Fruit flies can live longer if they do nor produce cells called germline stem cells, which are responsible for production of sperm and egg, Brown University biologists have found.
The researchers say that the elimination of germline stem cells also alters the insects' insulin production.
Appearing in the Proceedings of the National Academy of Sciences, these new findings suggest that molecular signals from the reproductive system affect aging and metabolism in animals, and possible in humans.
The researchers say that their study also proposes a new mechanism of how this control may occur.
"For more than 50 years, scientists have known that there is a link between reproduction and lifespan," said Thomas Flatt, a postdoctoral research associate in the Department of Ecology and Evolutionary Biology at Brown and the lead author of the research article.
"When reproduction is delayed, animals live longer.
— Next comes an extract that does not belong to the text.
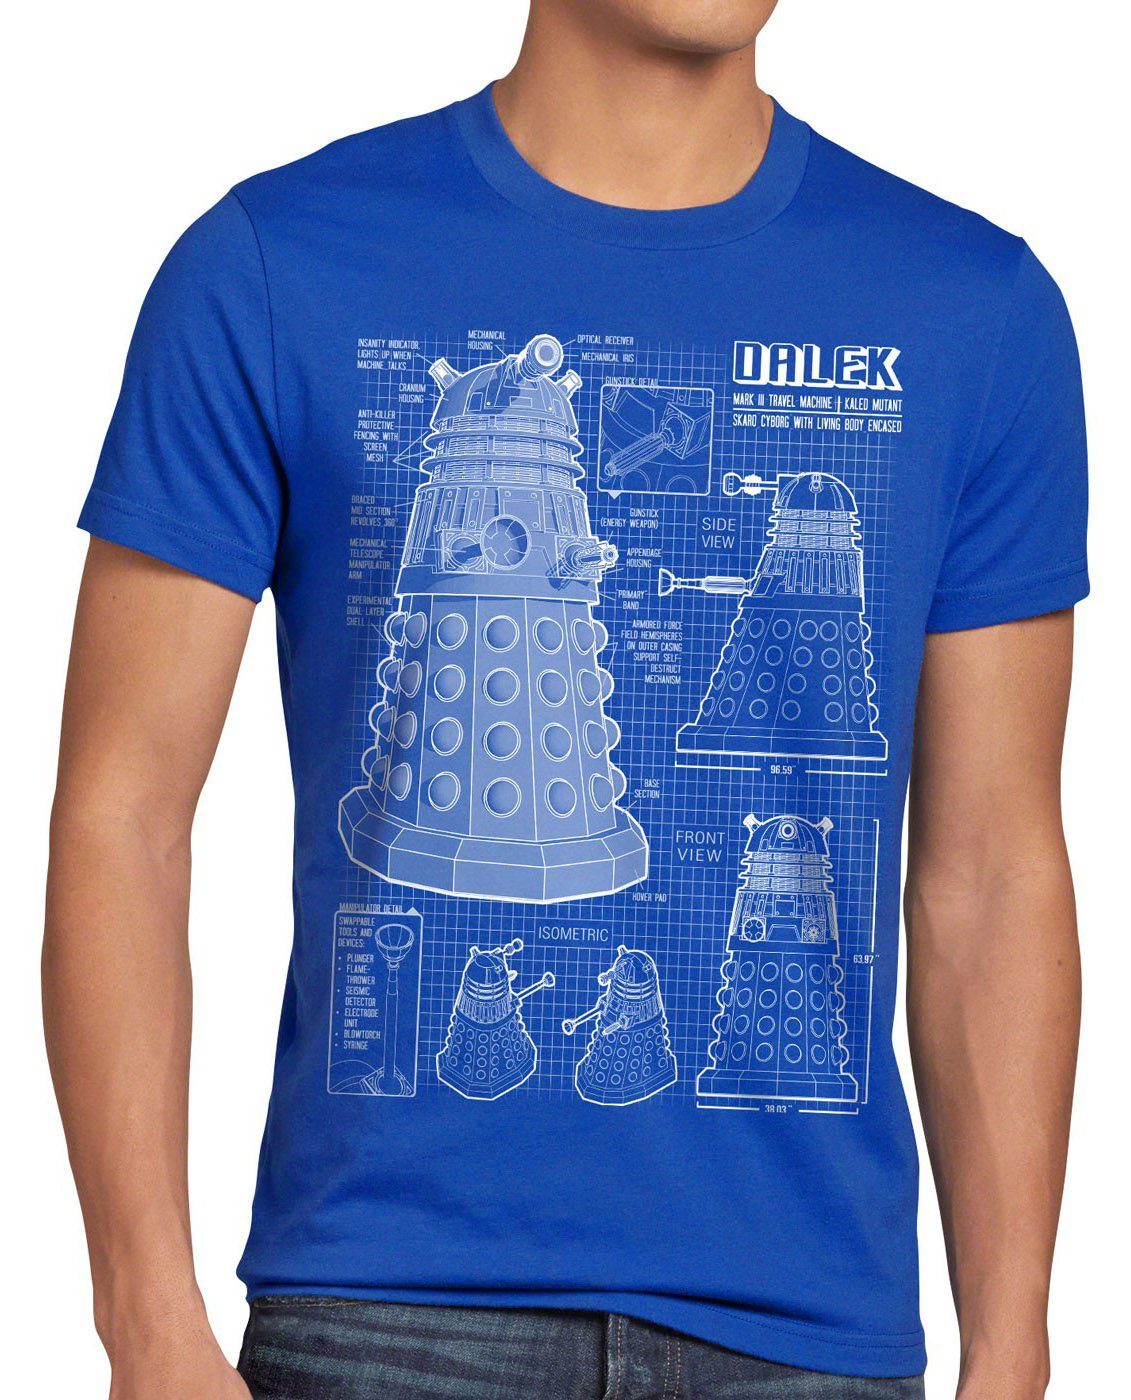 style3 Print-Shirt Herren T-Shirt Dalek who time police doctor box space dr tv zeitreise doktor amy blau

Why? Our research suggests that signals from the reproductive system can regulate aging in animals - including, possibly, humans," he added.
The latest work by Brown researchers builds on a decade-old study by acclaimed aging biologist Cynthia Kenyon at the University of California, San Francisco, which showed that eliminating germline stem cells in roundworms extended their lifespan.
"We wanted to see if Kenyon's findings could be duplicated in the fly. If so, we'd know that reproductive control of lifespan was a general principle in biology," said Marc Tatar, the senior scientist on the project and a professor in the Department of Ecology and Evolutionary Biology.
During the study, the researchers over-activated a gene that controls germline stem cells in flies, and thereby eliminated their production.
They observed that the sterile flies lived 20 to 50 per cent longer than typical flies, a result that matched Kenyon's finding in worms.
Flatt and Tatar believe that genetically-modified flies might live longer because they were insensitive to the effects of insulin, for several earlier studies had shown that flies, worms and mice live longer when they produce or receive less insulin.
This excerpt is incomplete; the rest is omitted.